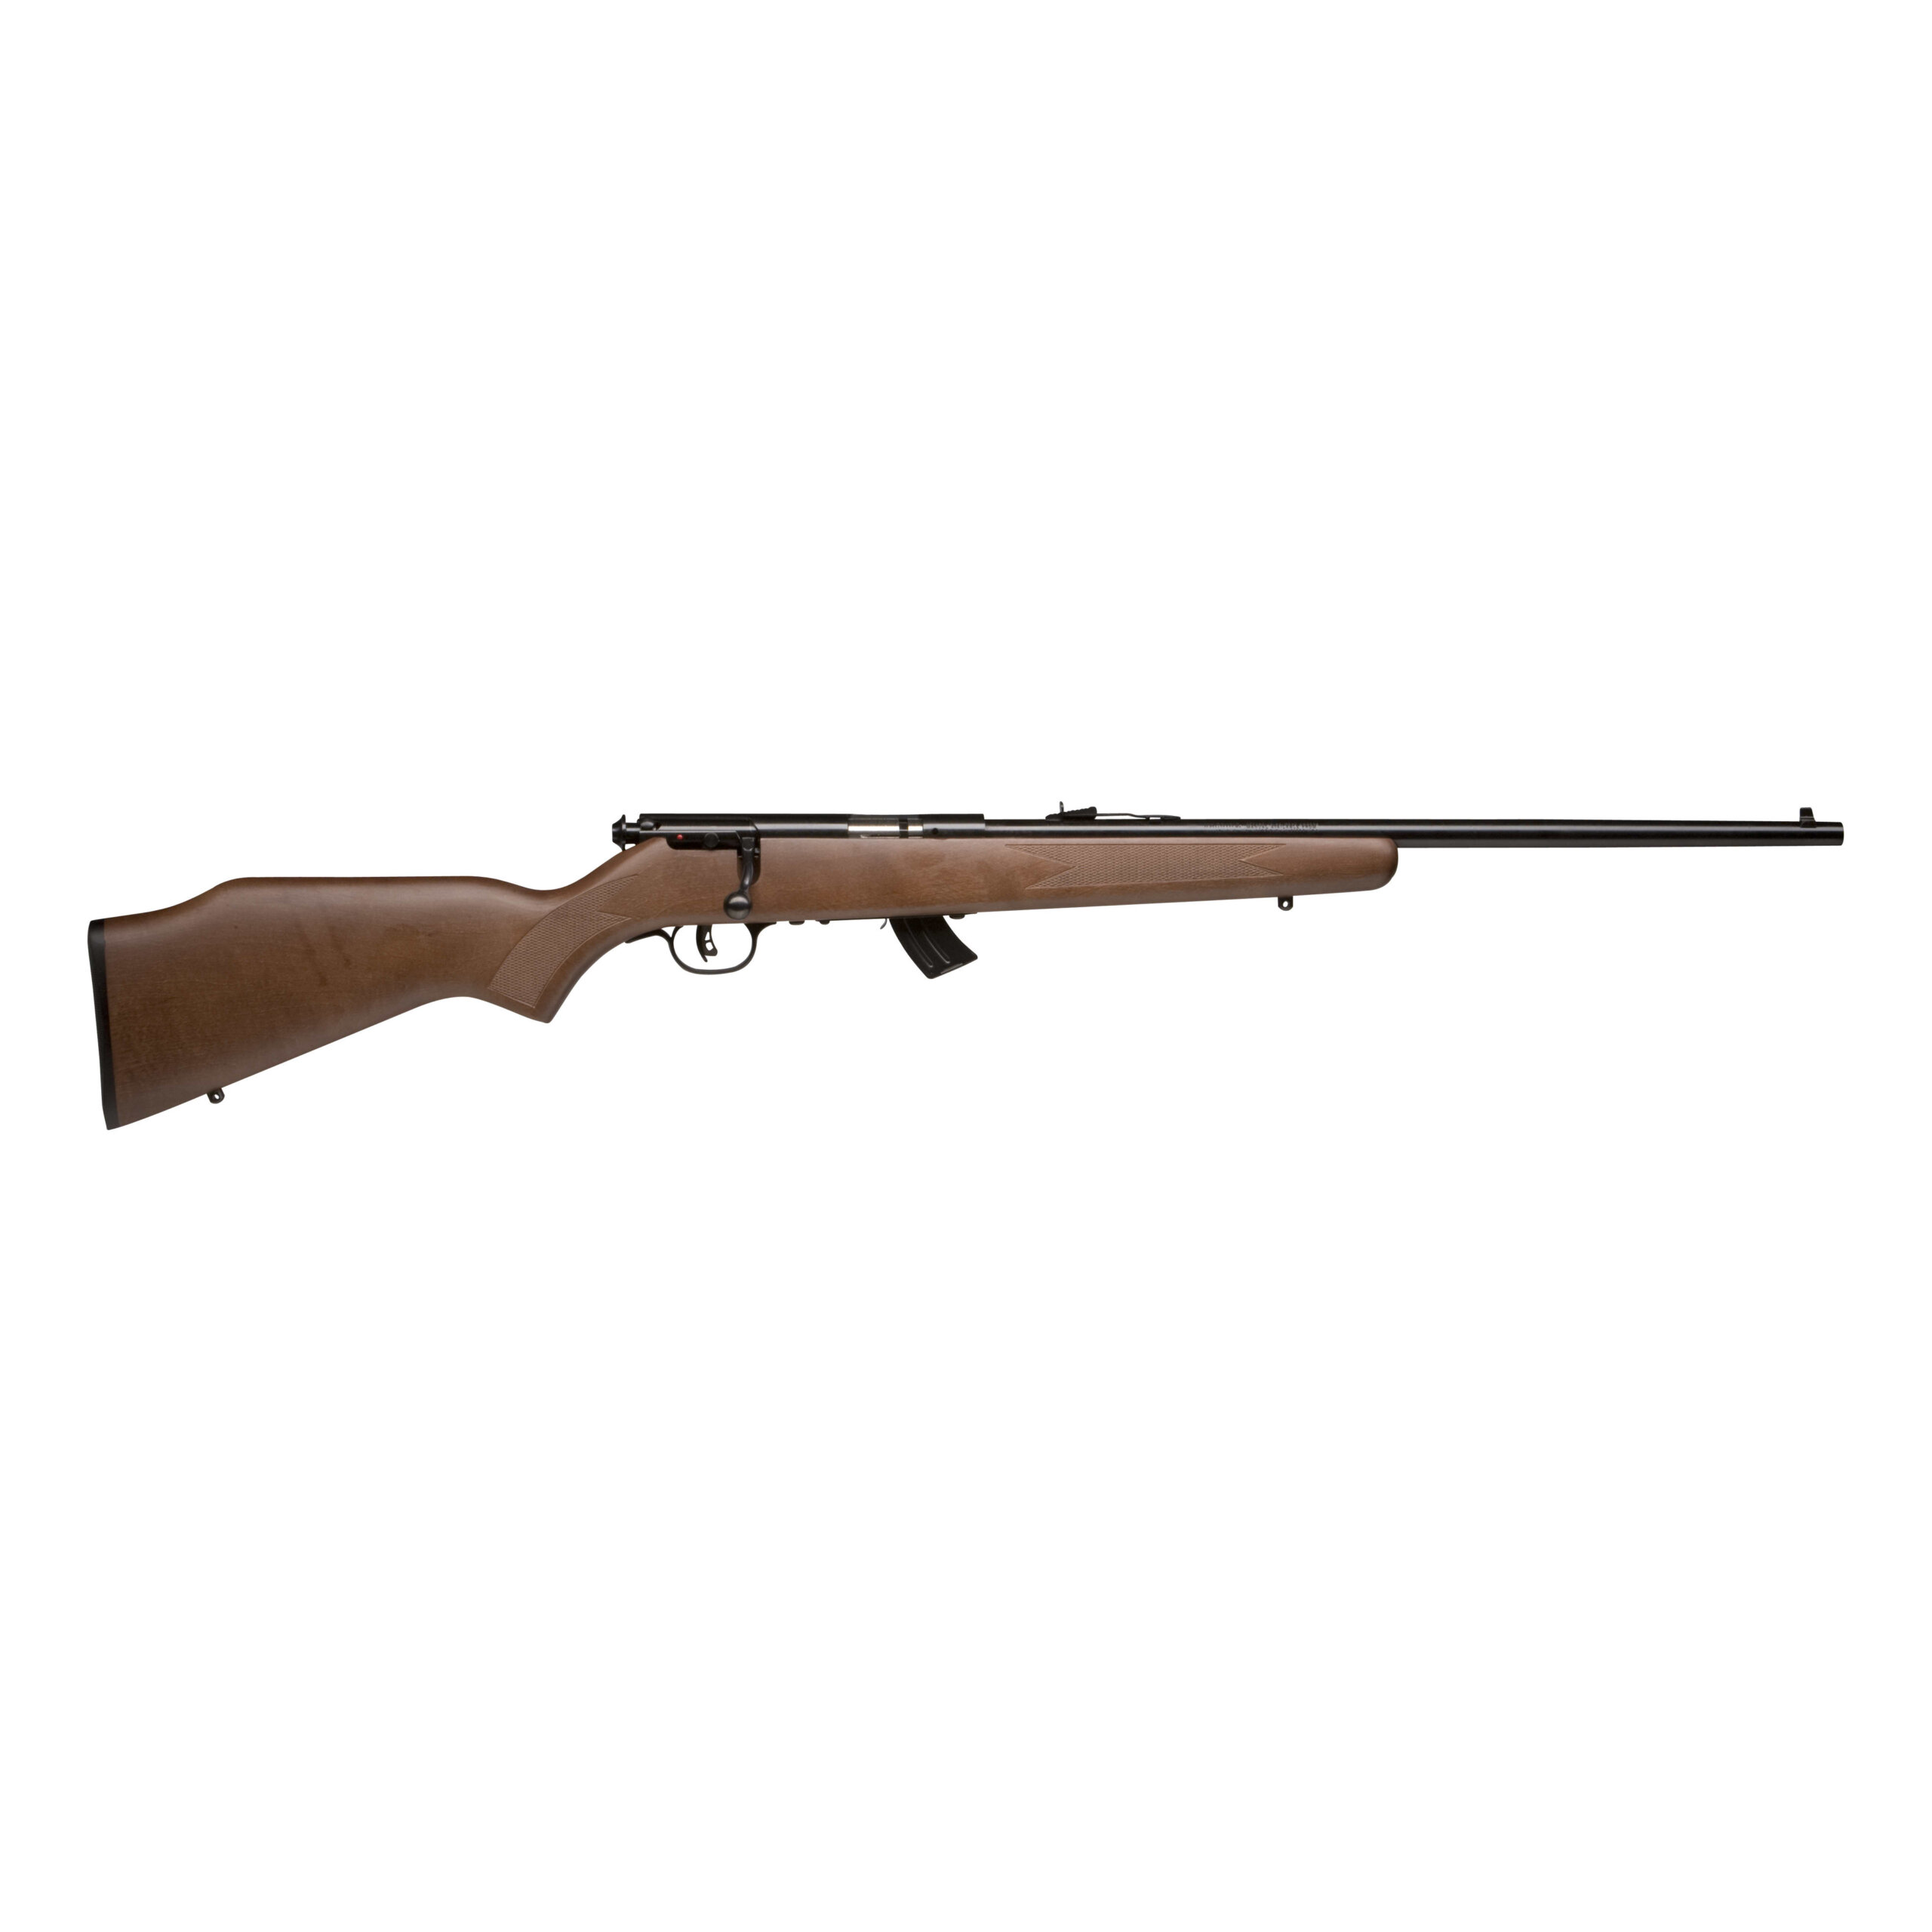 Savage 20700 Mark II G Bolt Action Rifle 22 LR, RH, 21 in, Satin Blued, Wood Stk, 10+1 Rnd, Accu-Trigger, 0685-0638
_ _ _
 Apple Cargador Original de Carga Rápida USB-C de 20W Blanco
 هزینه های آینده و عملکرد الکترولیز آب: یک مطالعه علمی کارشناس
_ _ _
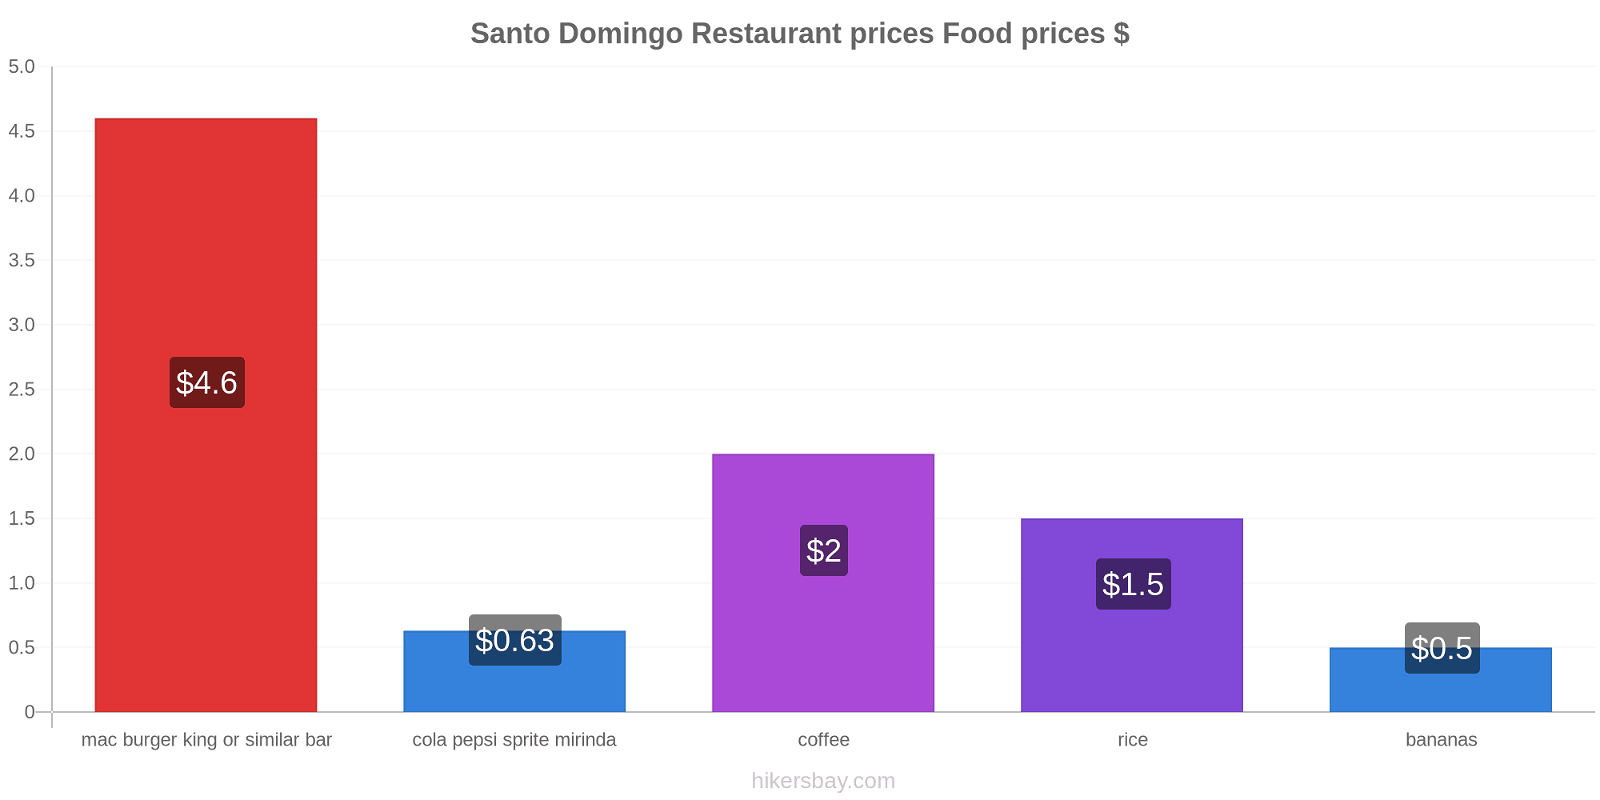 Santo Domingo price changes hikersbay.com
_ _ _
## TO DO
Using the data above, reproduce exactly the lines between those holding "Apple Cargador Original" and "هزینه های آینده", inclusive, and no others.

## EXERCISE SOLUTION
 Apple Cargador Original de Carga Rápida USB-C de 20W Blanco
 هزینه های آینده و عملکرد الکترولیز آب: یک مطالعه علمی کارشناس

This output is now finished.